1. Academic Validation
  2. The human proteome with direct physical access to DNA

The human proteome with direct physical access to DNA

  • Cell. 2025 Aug 7;188(16):4424-4440.e17. doi: 10.1016/j.cell.2025.04.037.
Jakob Trendel 1 Simon Trendel 2 Shuyao Sha 1 Franziska Greulich 3 Sandra Goll 4 Susanne I Wudy 5 Karin Kleigrewe 5 Stefan Kubicek 4 N Henriette Uhlenhaut 6 Bernhard Kuster 7
Affiliations

Affiliations

  • 1 Proteomics and Bioanalytics, TUM School of Life Sciences, Technical University of Munich (TUM), Freising, Germany.
  • 2 Munich, Bavaria, Germany.
  • 3 Metabolic Programming, TUM School of Life Sciences, ZIEL-Institute for Food & Health, Technical University of Munich (TUM), Freising, Germany.
  • 4 CeMM Research Center for Molecular Medicine of the Austrian Academy of Sciences, Vienna, Austria.
  • 5 Bavarian Center for Biomolecular Mass Spectrometry, TUM School of Life Sciences, Technical University of Munich (TUM), Freising, Germany.
  • 6 Metabolic Programming, TUM School of Life Sciences, ZIEL-Institute for Food & Health, Technical University of Munich (TUM), Freising, Germany; Institute for Diabetes and Obesity (IDO) & Institute for Diabetes and Cancer (IDC), Helmholtz Center Munich (HMGU) and German Center for Diabetes Research (DZD), Neuherberg, Germany.
  • 7 Proteomics and Bioanalytics, TUM School of Life Sciences, Technical University of Munich (TUM), Freising, Germany.
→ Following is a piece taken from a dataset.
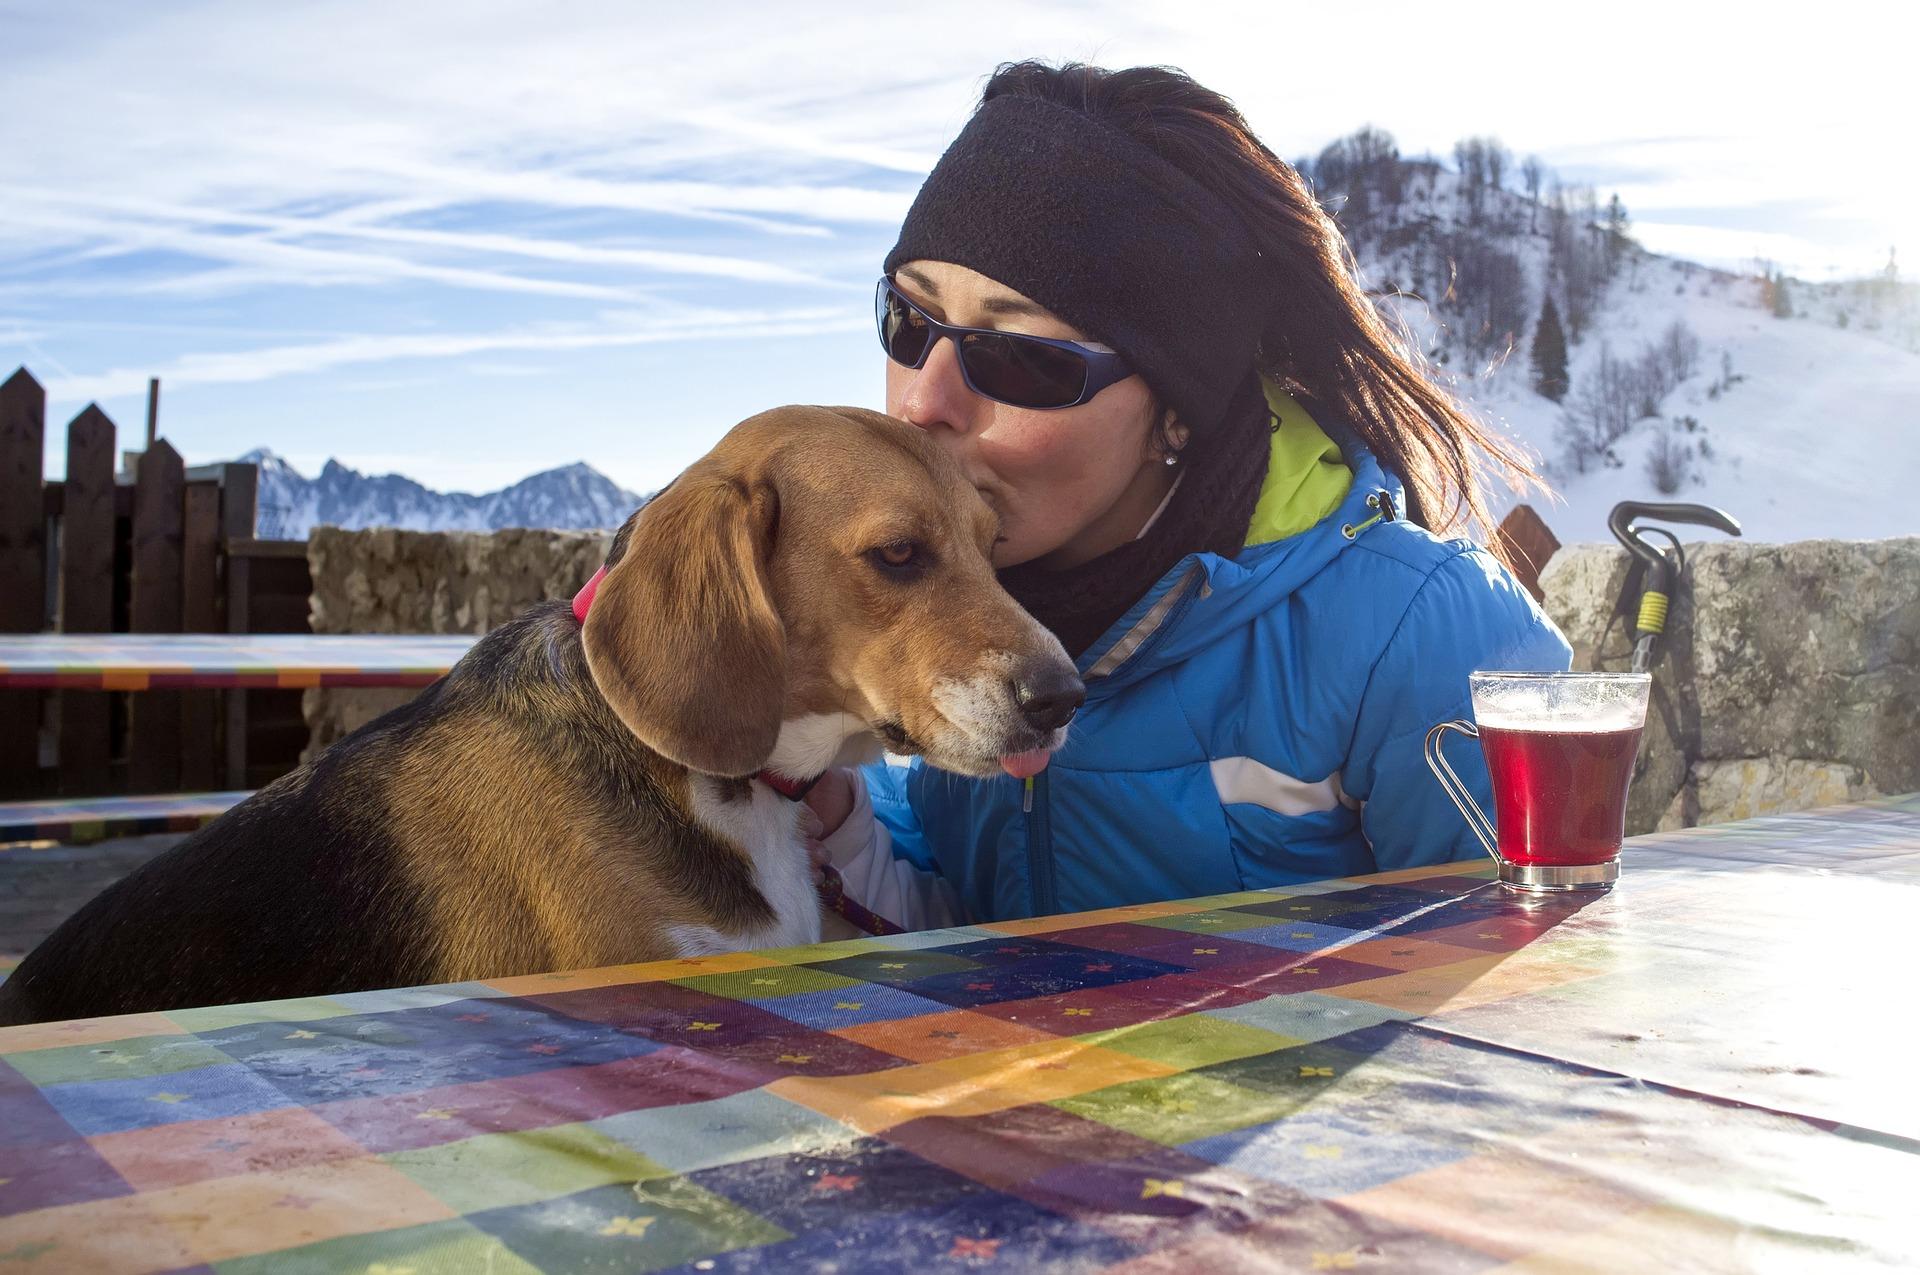 Gestion du ravitaillement en randonnée femme/chien

Electronic address: kuster@tum.de.
Abstract

In a human cell, DNA is packed with histones, RNA, and chromatin-associated proteins, forming a cohesive gel. At any given moment, only a subset of the proteome has physical access to the DNA and organizes its structure, transcription, replication, repair, and Other essential molecular functions. We have developed a "zero-distance" photo-crosslinking approach to quantify proteins in direct contact with DNA in living cells. Collecting DNA interactomes from human breast Cancer cells, we present an atlas of over one thousand proteins with physical access to DNA and hundreds of peptide-nucleotide crosslinks pinpointing protein-DNA interfaces with single-amino-acid resolution. Quantitative comparisons of DNA interactomes from differentially treated cells recapitulate the recruitment of key transcription factors as well as DNA repair proteins and uncover fast-acting restrictors of chromatin accessibility on a timescale of minutes. This opens a direct way to explore genomic regulation in a hypothesis-free manner, applicable to many organisms and systems.

Keywords

DNA-binding domains; DNA-binding proteins; DNA-interacting proteome; IDRs; chromatin proteomics; intrinsically disordered regions; mass spectrometry; nucleotide-peptide hybrids; photo-crosslinking; physical protein-DNA interactions; transcription factors.